Democrats in Congress have pointed to the flat $600 a week benefit as providing the simplest way to implement an additional benefit due to the inability of state unemployment systems to calculate and disburse benefits to each individual equal to the weekly wages they would have earned while employed. The flat $600 rate was selected as it would on average bring unemployed individuals up to the median weekly income level when combined with state benefits.

Stefanik acknowledged the failings of the state unemployment system during the deluge in job losses caused by the coronavirus but did not offer any thoughts on how the system could be addressed if additional unemployment benefits through the federal government were tied to prior wages.

“The New York unemployment system is a disaster and a mess, and we’ve known that, and I’ve personally helped hundreds of constituents, thousands of constituents get access to their unemployment benefits because the system is so broken,” said Stefanik.

The congresswoman also acknowledged that unemployment rates in the 21st District remain “too high,” but said the focus needs to be on getting people safely back to work.

“They’re too high and we need to work to lower them as quickly as possible, it’s a challenge because we’re in tourist season as well so our tourist economy has been impacted significantly in terms of people not traveling beyond close to where they live so we need to focus on getting people back to work,” said Stefanik. “I think we need to safely and swiftly reopen the north country economy and I have faith in our county public health officials to continue following the data and ensuring that we’re able to do that.”

To ensure there are jobs for people to return to even in the event of another state stay at home order, Stefanik called for passage of the State Municipal Assistance for Response and Transition Act that would provide $500 billion for a Coronavirus Local Community Stabilization Fund to address the economic effects of the coronavirus pandemic on state, local and tribal budgets or inclusion of such funding in a federal stimulus package.
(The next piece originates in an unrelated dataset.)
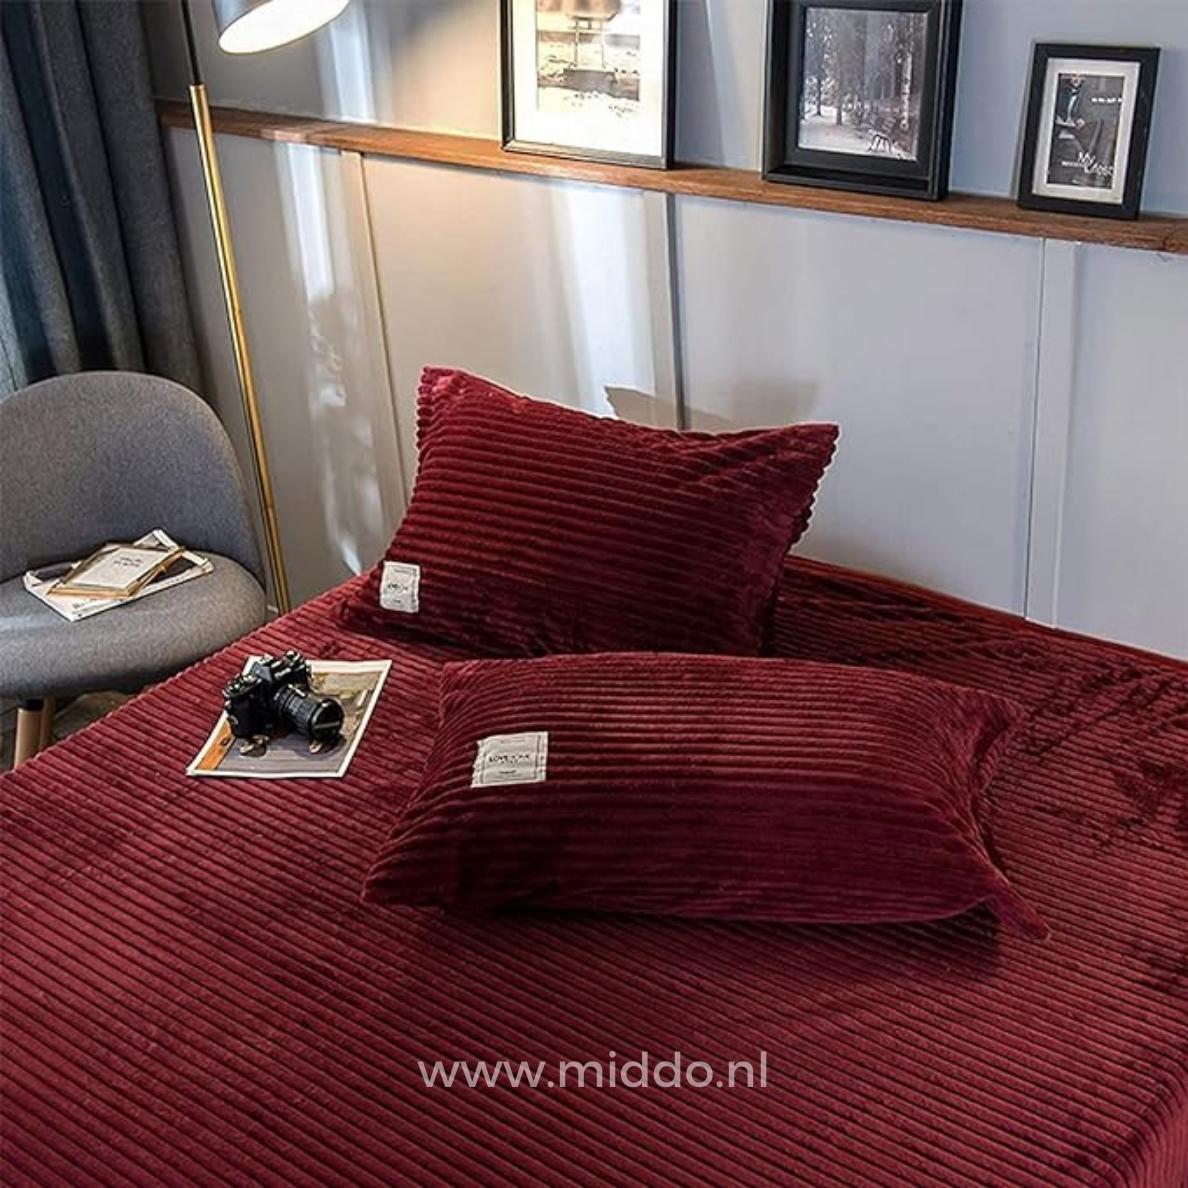 2 kussens met wijnrode kussenslopen op een bed

“I think it’s important particularly for rural counties that we ensure the aid doesn’t have a population cutoff, because in previous rounds it’s been focused primarily on urban centers, urban counties, bigger cities, we need to make sure that rural counties and rural municipalities are included in any direct aid,” said Stefanik.

She is also advocating for another round of the Paycheck Protection Program and for the ability of the hardest hit industries to apply for funding to keep workers on the payroll through the forgivable loan program for a second time.

“We need to make sure that particularly industries that have been significantly impacted like hospitality, retail or tourist based are able to go towards a second round,” said Stefanik.